Ishaghpour Youssef, Chohreh Feyzdjou, l’épicerie de l’Apocalypse, Paris, Circé, 2011
Product of Chohreh Feyzdjou, Galerie nationale du Jeu de paume, Paris, 31 March – 29 May 1994
→Chohreh Feyzdjou: tout art est en exil, CAPC musée d’art contemporain, Bordeaux, 8 February – 2 September 2007
Iranian artist.
Chohreh Feyzdjou grew up in Iran in a Jewish family of intellectuals,and moved to Paris in 1975. It was here that she completed her artistic training at the École nationale supérieure des Beaux-Arts, and also learned about the Kabbalah and Sufism. Her untimely death in 1996 put an abrupt end to a unique body of work, which had only just begun to be exhibited in major museums across Europe. Feyzdjou made her name at the start of the 1990s with a vast corpus of objects culled from her atelier and from her past, among them drawings and paintings, all of which she covered with a more or less diffuse layer of black pigment. Each one was carefully catalogued, stored in boxes, in glass jars, in crates and trunks, or wrapped in plastic, put in tubes, stocked on shelves or tables, and in drawers or on scaffolding which were themselves covered in black pigment.
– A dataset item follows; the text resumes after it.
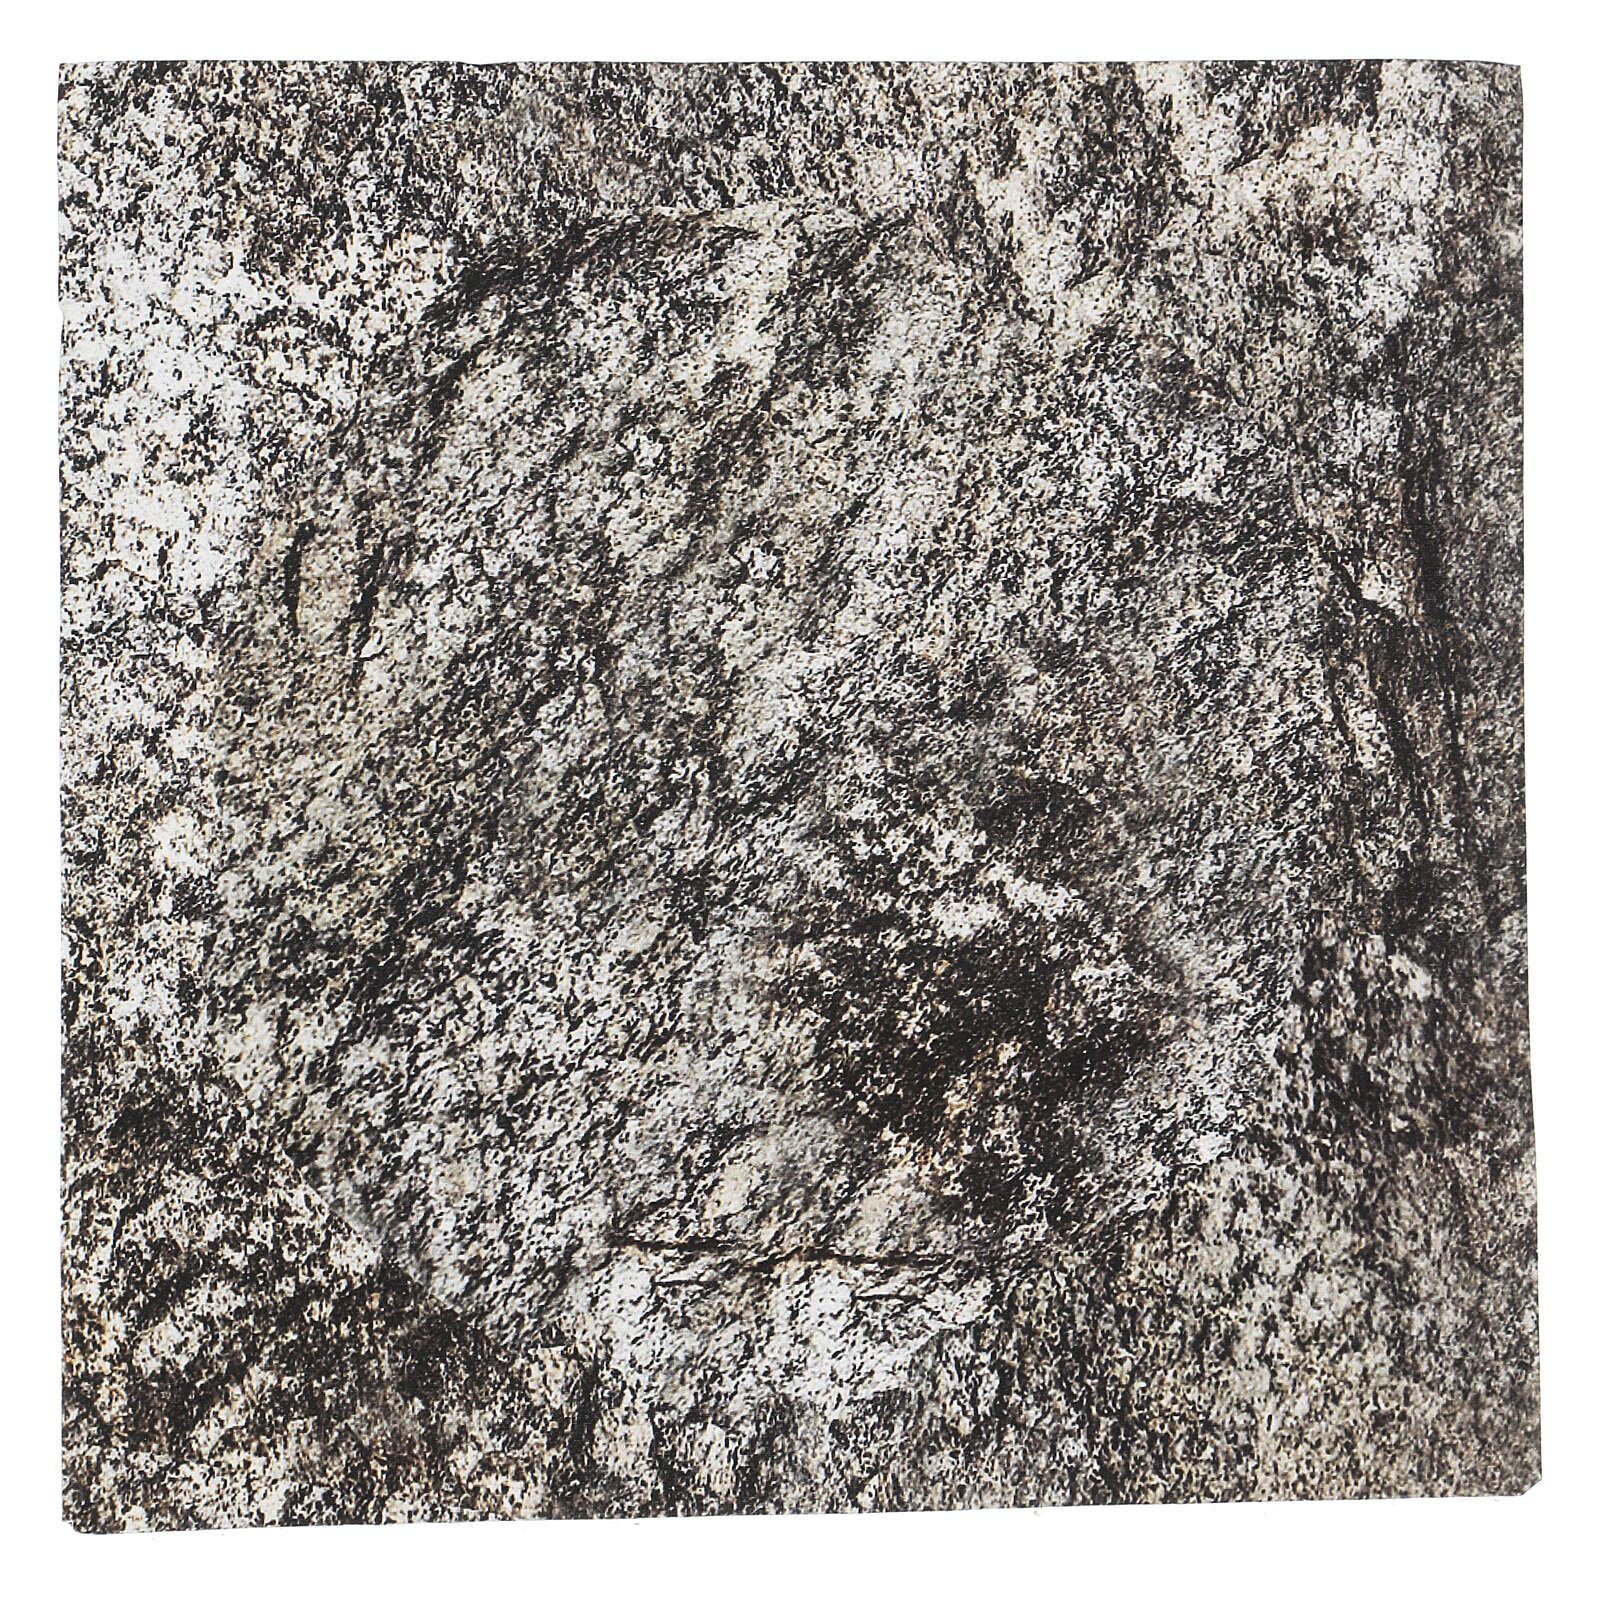 Papier do modelowania skała 30x30 cm, do szopek 4

Nothing remains identifiable apart from the fact that each element bears the archive reference, “Product of Chohreh Feyzdjou”. While this installation may bring to mind a post-apocalyptic catastrophe, its presentation also evokes the stalls full of goods that can be found in grocery stores and bazars across the Middle East.
Although her works are clearly marked by themes of displacement, loss, and the memory of migration, her use of commercial codes and classification systems (display, packaging, references) also suggests an exploration and questioning of the ambivalent and paradoxical nature of art’s links to the market. In a world in which everything has become a “product”, including art itself, Feyzdjou hides and protects her work beneath an impenetrable veil, but also makes visible, and highlights the irony of, the shared fate of all forms of production. Her criticism of social and cultural functioning was among the most radical. In 1994, at the Kröller-Müller Museum in Otterlo (Netherlands), under the title I do not agree with this exhibition, she buried in the garden 39 paintings that she had blackened. The same year, she held an exhibition at the Jeu de paume. In 1995, a few months before her death, she opened a shop in her name, Boutique Products of Chohreh Feyzdjou in Paris, in order to bring together and “sell off” the totality of her work. In 2002, the Feyzdjou fund was acquired in its entirety by the Centre national des arts plastiques on behalf of the State. The Centre d’arts plastiques contemporains in Bordeaux has been the depositary of this fund since 2003, and has catalogued over 300 drawings, dated from 1971 to 1996, as well as a previously unseen set of cloth sculptures. This discovery led to a retrospective exhibition of the collection presented at the CAPC in 2007.